Он достаточно знал о войне, чтобы понимать суть темных движений и неподвижностей, свидетелем которых уже был в своем путешествии, но ему показалось, что поле битвы, на которое он набрел, когда утреннее солнце встало за спиной и яркими лучами осветило то, что лежало впереди, – самое неподвижное и темное место на земле. Ему подумалось, что все до единого персы должны быть благодарны за то, что это возрождающееся еврейское царство обратило свой гнев против Римской империи. Стратег сказал бы, что война между могущественными соседями приносит твоим собственным землям только пользу – собственно, он слышал, как именно об этом говорили в Кучане, – но при этом предполагается некоторое равновесие сил, сражающихся друг с другом. Здесь не было равновесия. Здесь была только смерть.
Почерневшие черепа. Почерневшие колесницы. Ужасные, перемешанные груды костей. Мечи и щиты римлян расплавились, словно побывали в кузнечном горне. На покореженных шлемах виднелись странные вмятины, как будто их сдавили руки великанов. Все почему то было еще хуже из за огромной ценности того, что лежало здесь, брошенное, никому не нужное, покинутое – а ведь любое поле битвы, которые Бальтазар когда либо видел или о каких слышал в песнях, всегда становилось источником богатой добычи.

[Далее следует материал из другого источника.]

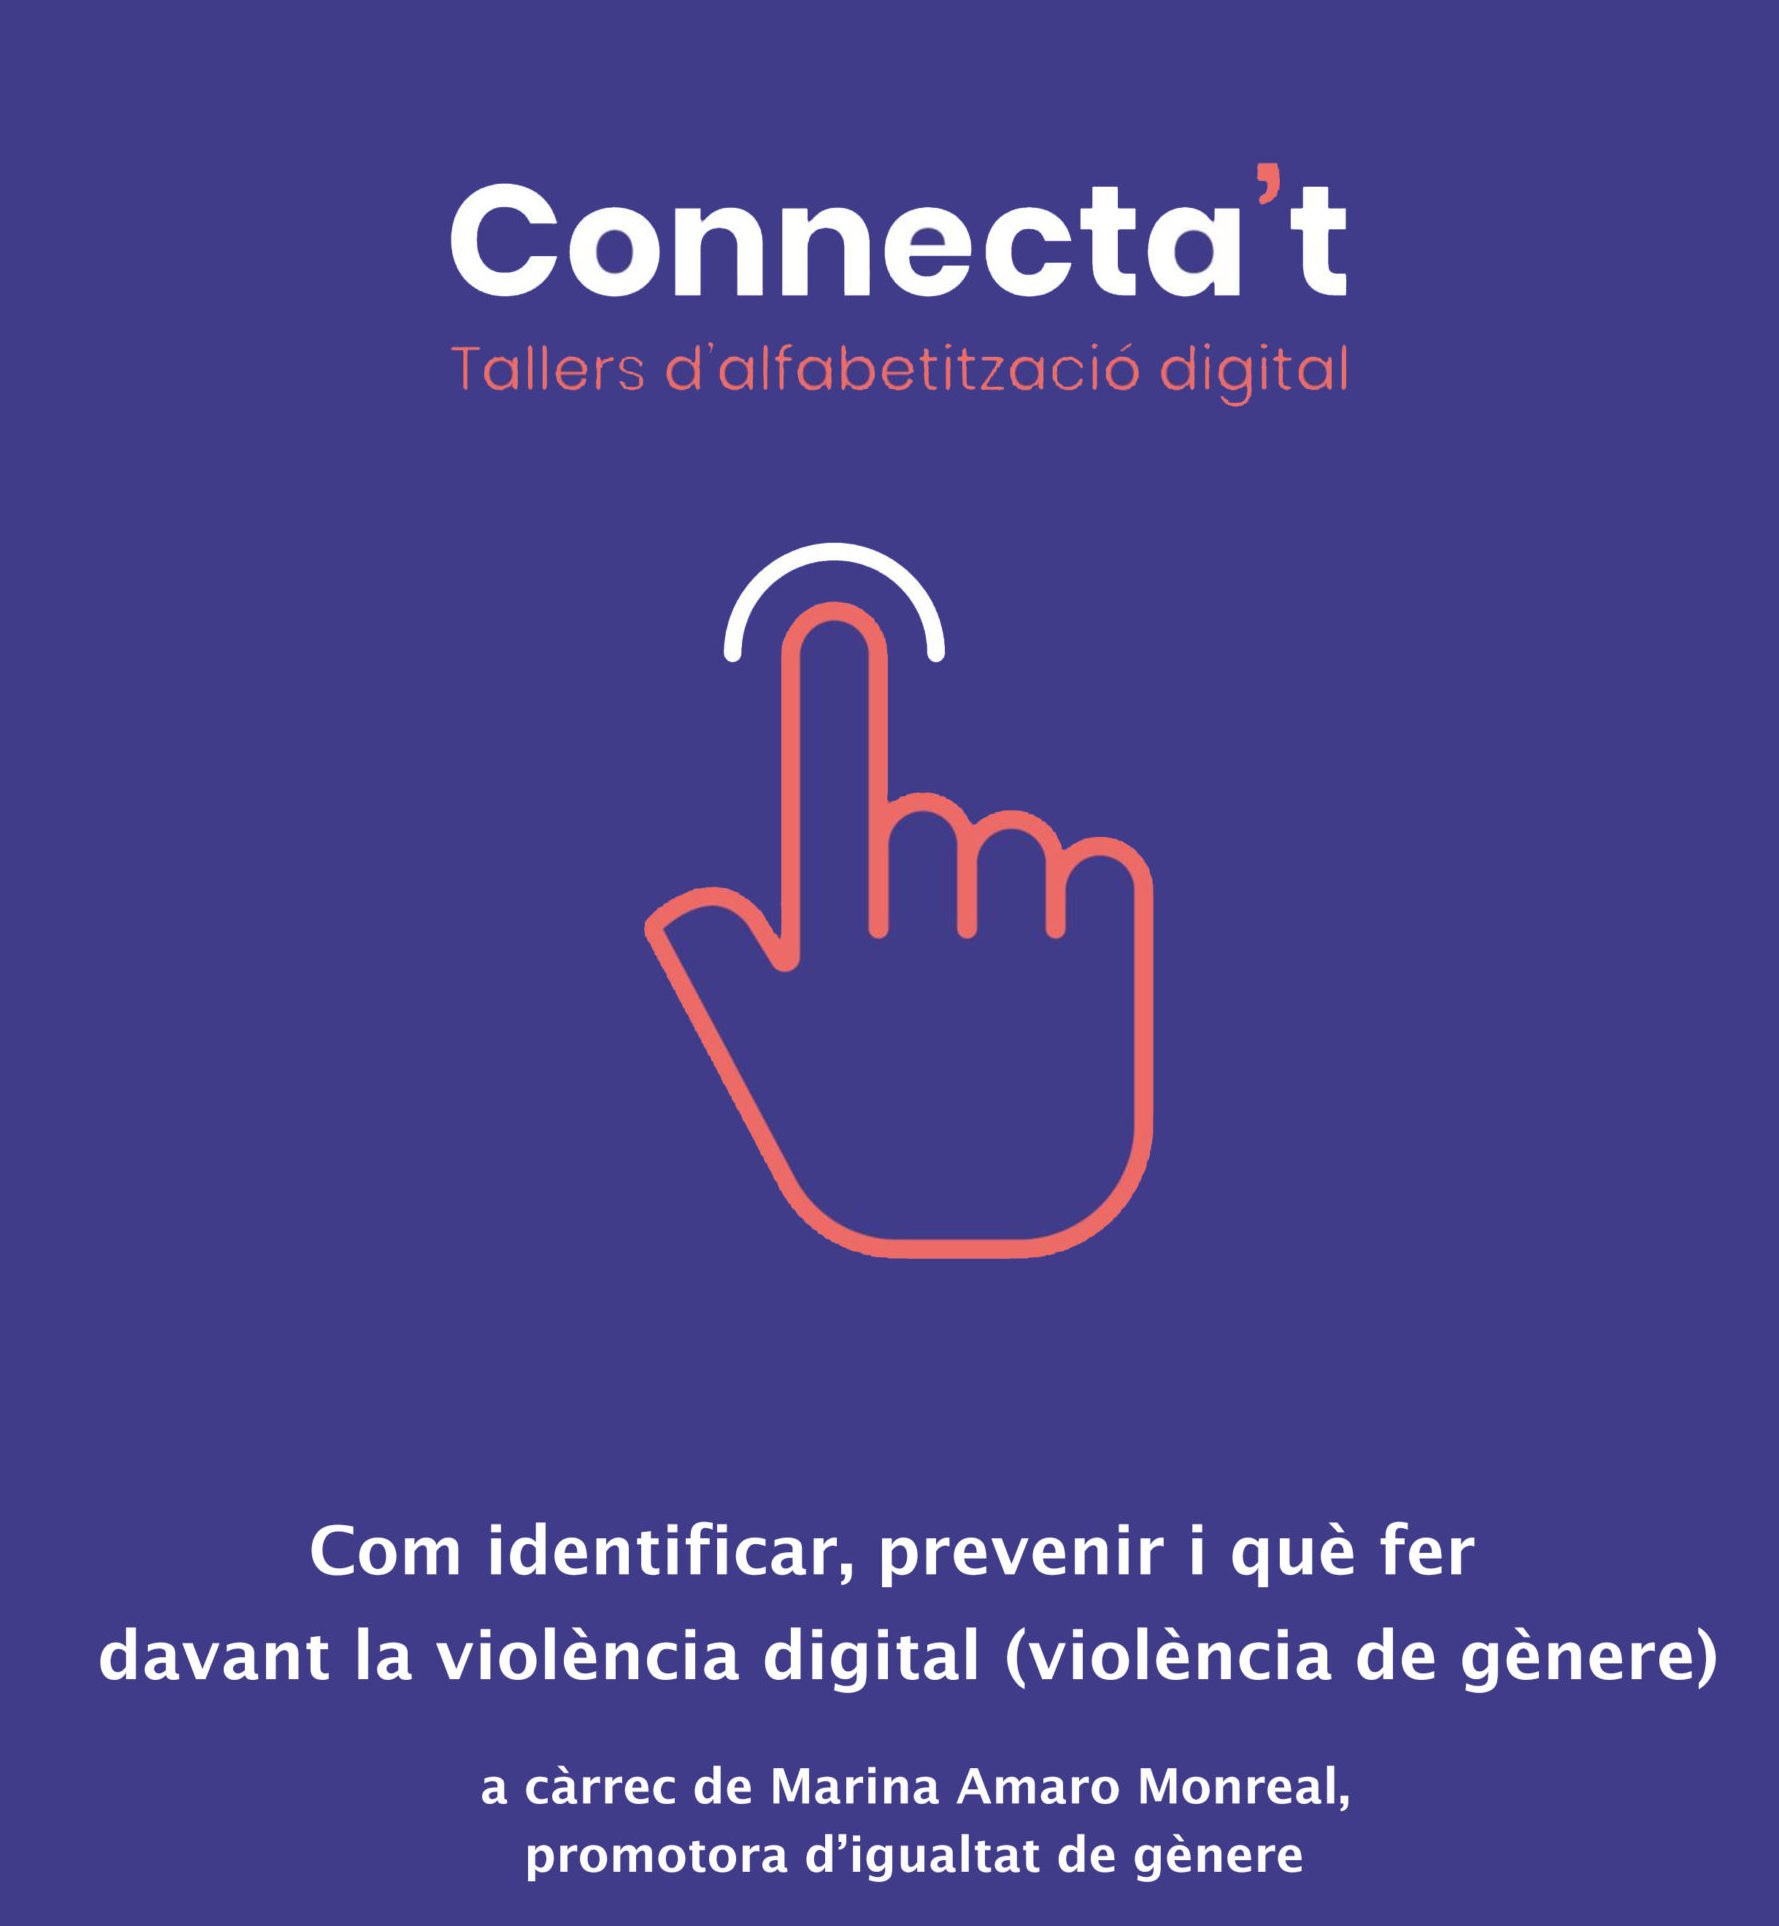 “Com identificar, prevenir i què fer davant la violència digital (violència de gènere)” a càrrec de Marina Amaro Monreal, promotora d’igualtat de gènere.

Эту могучую римскую армию, с ее боевыми машинами и лошадьми, с закаленными в битвах неустрашимыми воинами, закованными в доспехи из металла, поливающими врага дождем из стрел, – эту армию словно стер с лица земли какой то огненный ураган. А то, что осталось от армии, так и осталось здесь лежать. Преодолеть это поле было непросто. Ему пришлось завязать верблюду глаза и успокаивать стонущее от ужаса животное видениями мирных оазисов. Он жалел, что не может и сам закрыть глаза, но, как ни странно, на поле боя не было ничего, вынуждающего закрывать нос и рот. Здесь совсем не было мух – они не взмывали в воздух, даже когда его ноги проваливались сквозь податливые внутренности трупов, когда приходилось взбираться на горы костей. И запах – здесь витал едва уловимый аромат странных благовоний, словно за покровами храма какого то непостижимого божества.

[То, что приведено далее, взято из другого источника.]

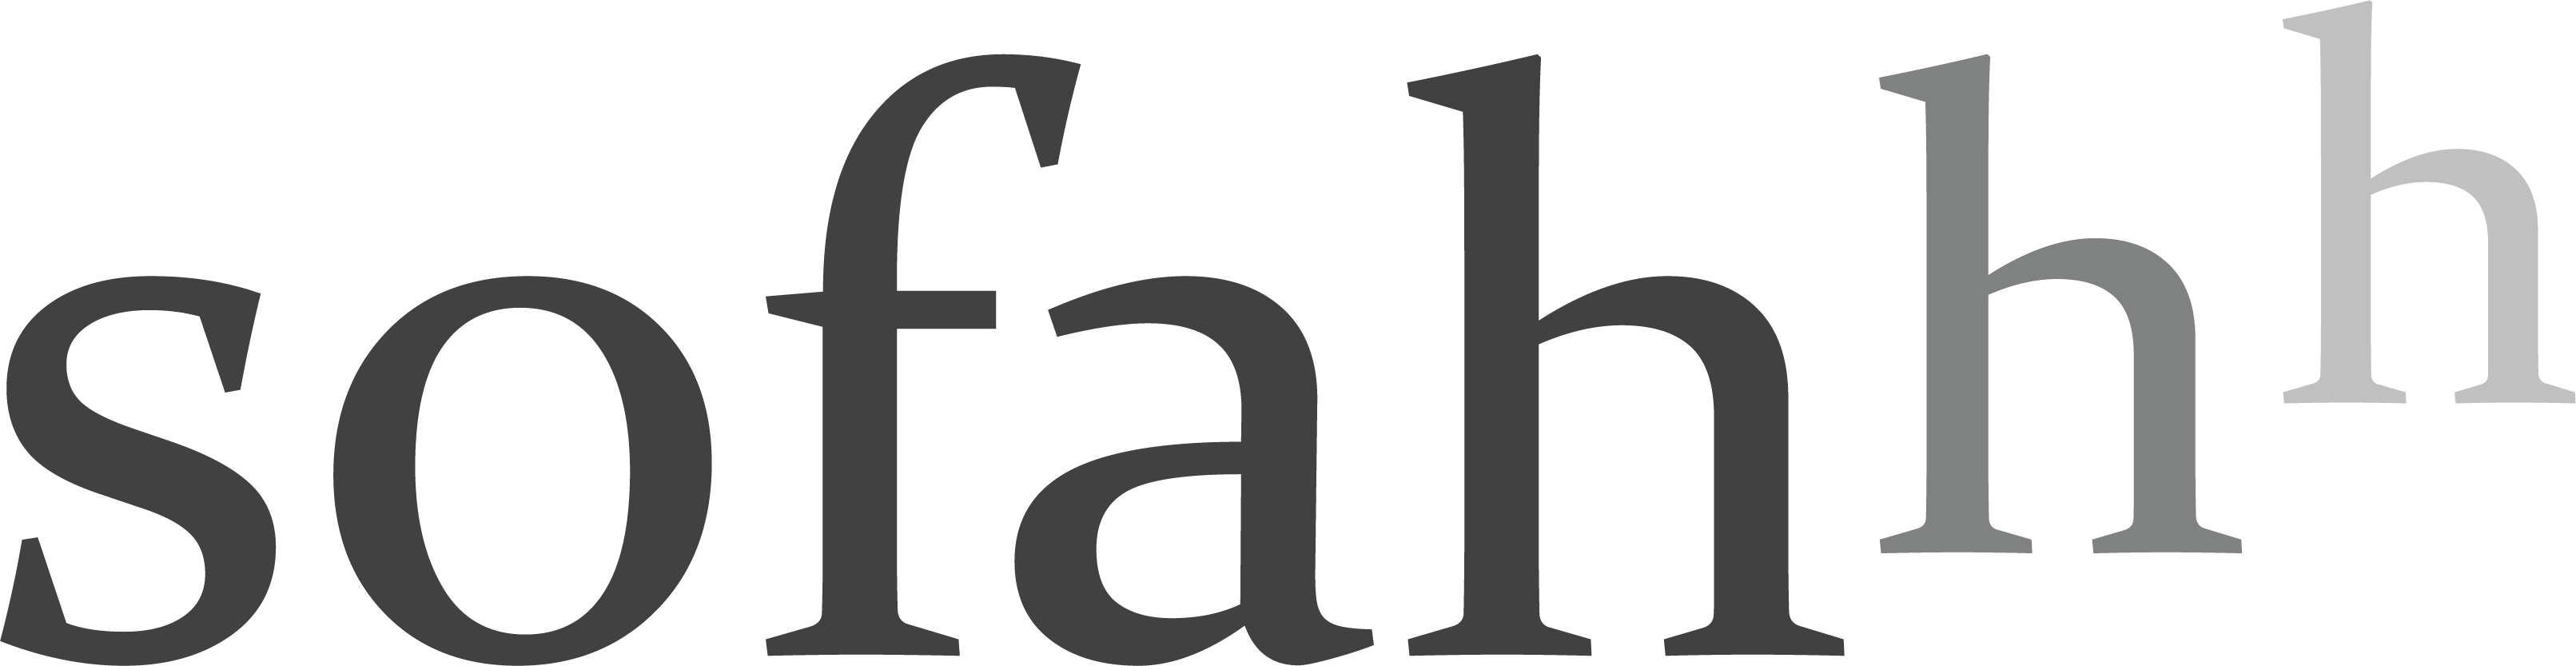 Sofahhh logo

Полуденное солнце жарко пылало, но ослепительное сияние на западе полыхало еще ярче. Он вспомнил ту звезду, ту, которая, как считал Каспар, каким то образом отделилась от неба, чтобы указывать им путь. Может быть, сейчас она загорелась снова – здесь, на земле? Может быть, это она там, впереди? Он обмотал лицо, чтобы укрыться от слепящего света и кружащего в воздухе пепла.
Теперь ему казалось, что это было предначертано давным давно – вновь совершить то же путешествие на закате жизни. Хотя бы для покаяния.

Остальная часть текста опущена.